__To do__: Restate the data below word for word, and let no image into your version.

__Source data__:
========================

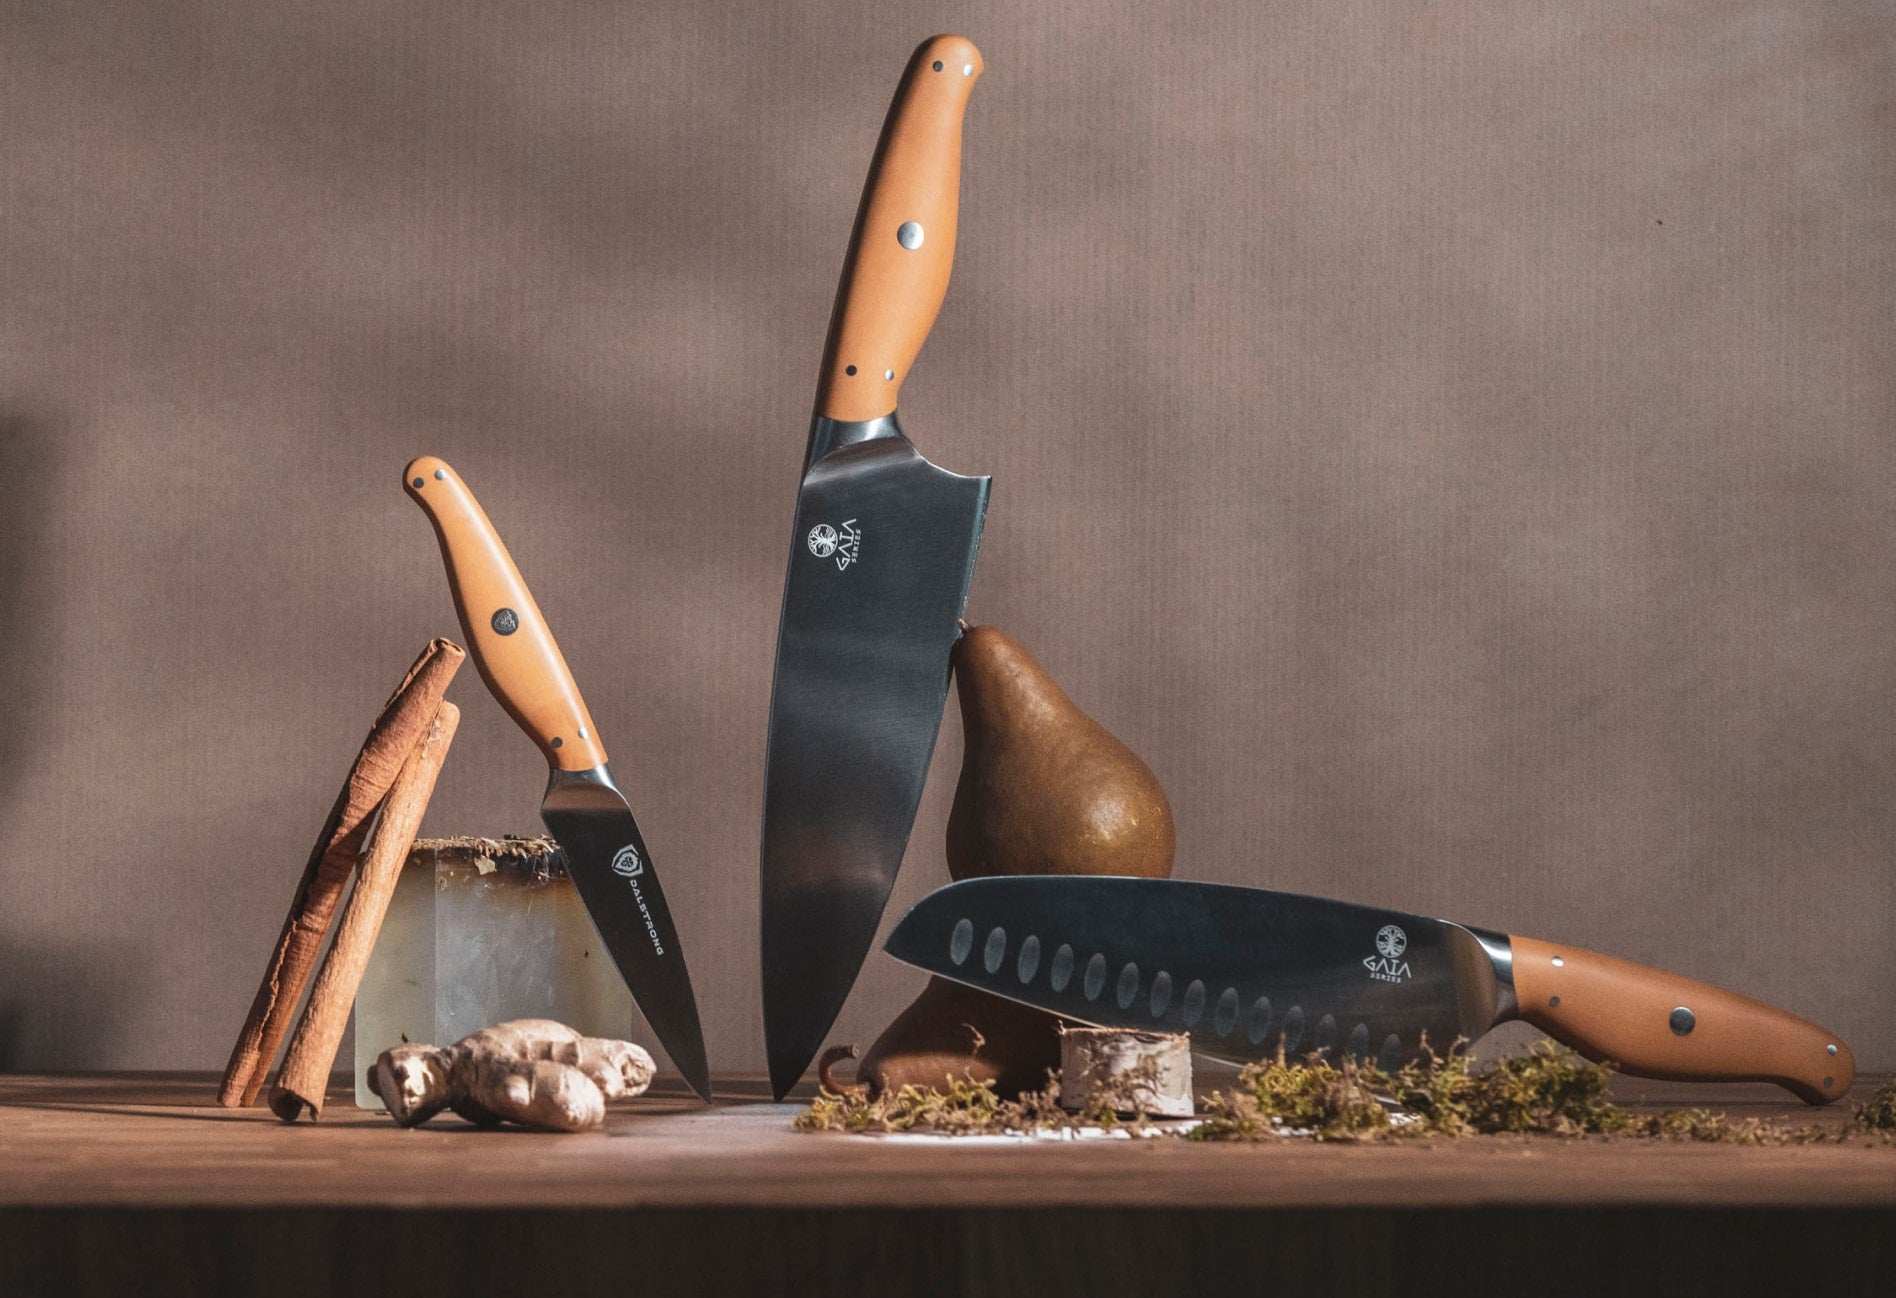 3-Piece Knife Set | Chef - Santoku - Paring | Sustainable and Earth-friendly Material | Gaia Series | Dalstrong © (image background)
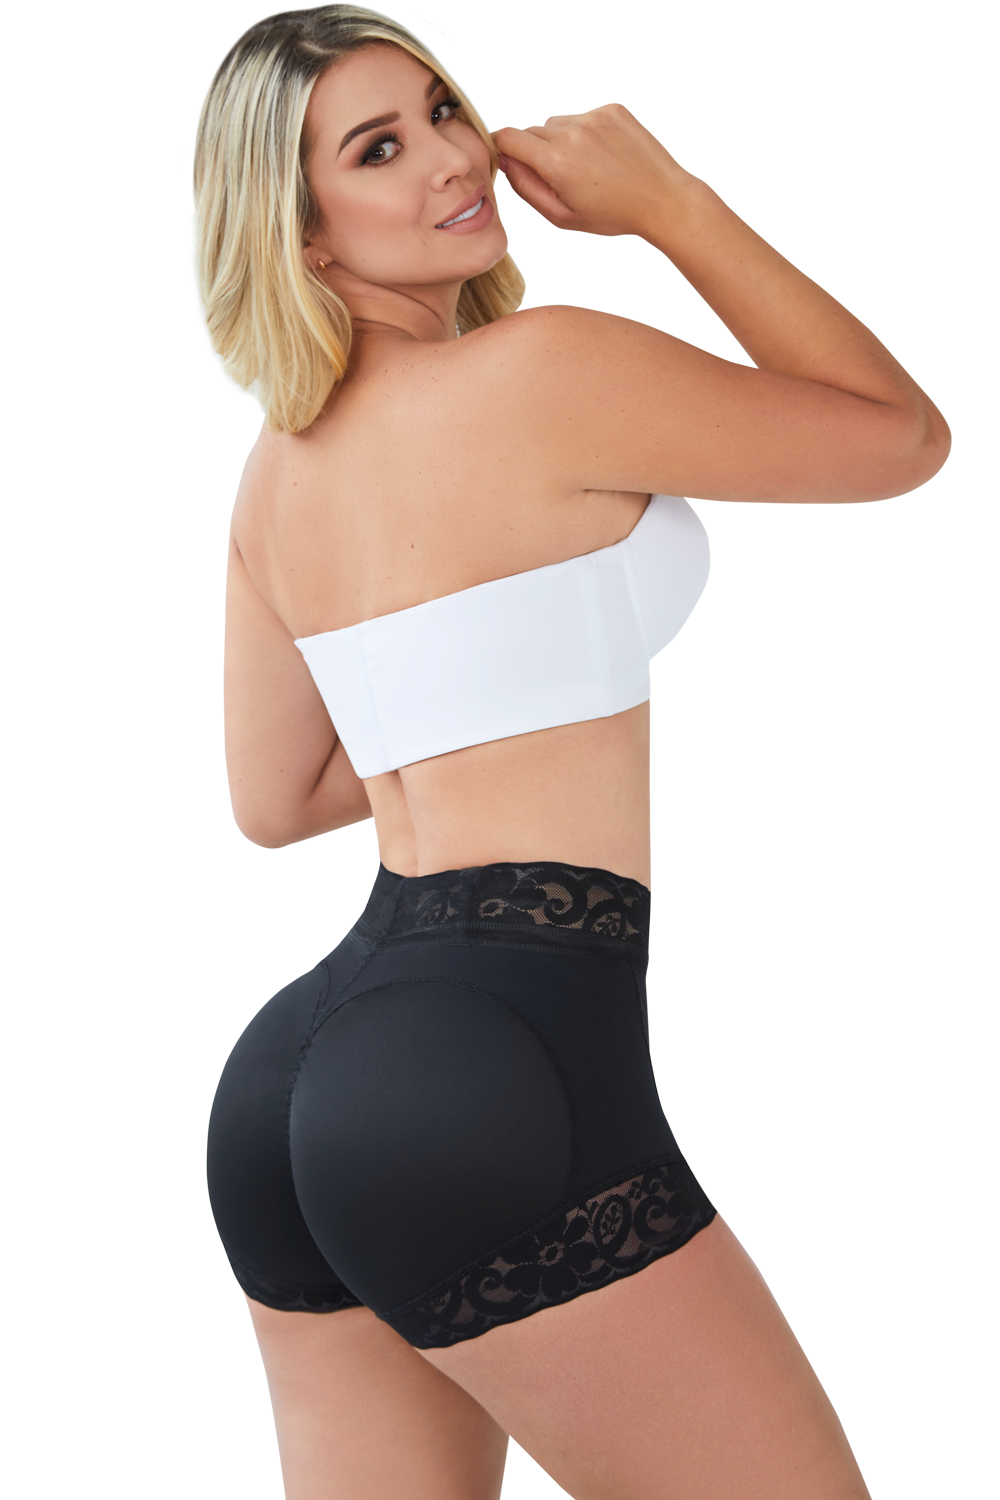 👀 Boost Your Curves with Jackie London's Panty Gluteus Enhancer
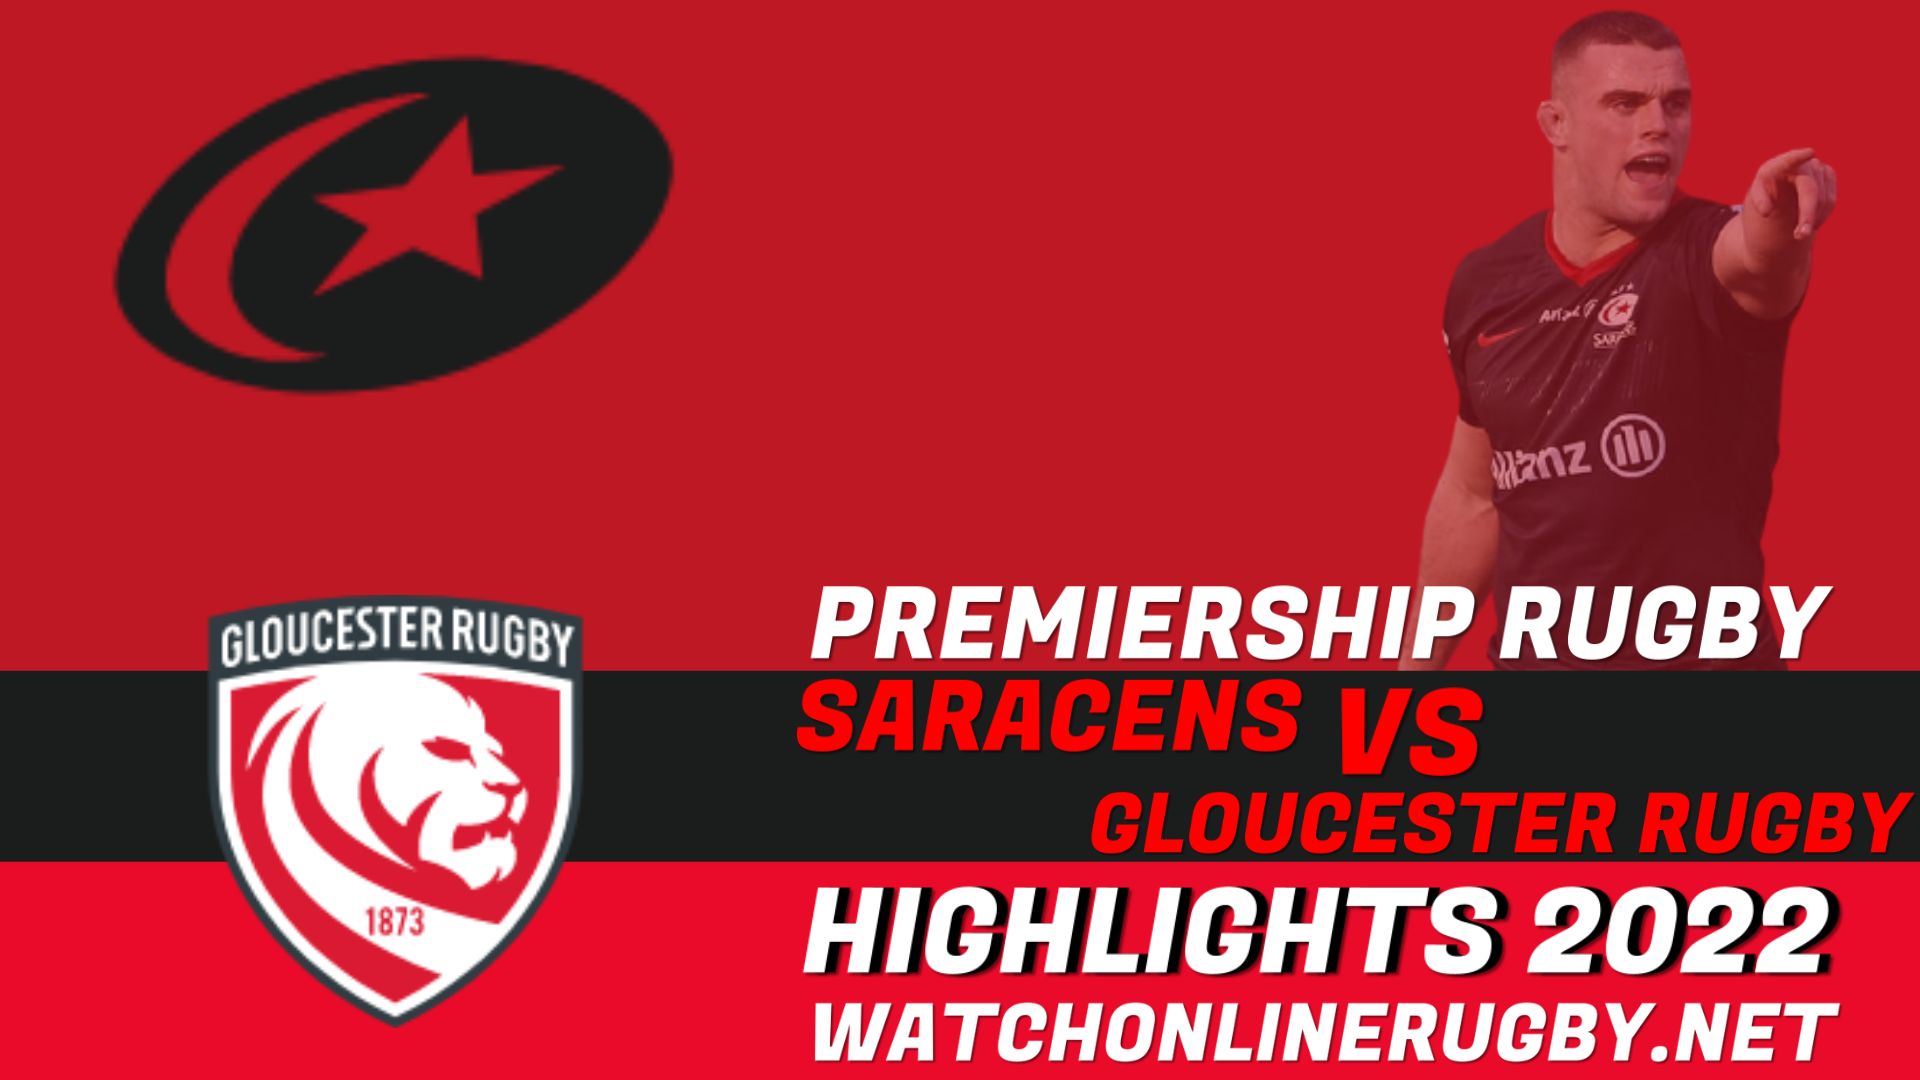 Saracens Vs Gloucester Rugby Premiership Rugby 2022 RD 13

========================

__Completed task__:
 3-Piece Knife Set | Chef - Santoku - Paring | Sustainable and Earth-friendly Material | Gaia Series | Dalstrong © (image background)
 👀 Boost Your Curves with Jackie London's Panty Gluteus Enhancer
 Saracens Vs Gloucester Rugby Premiership Rugby 2022 RD 13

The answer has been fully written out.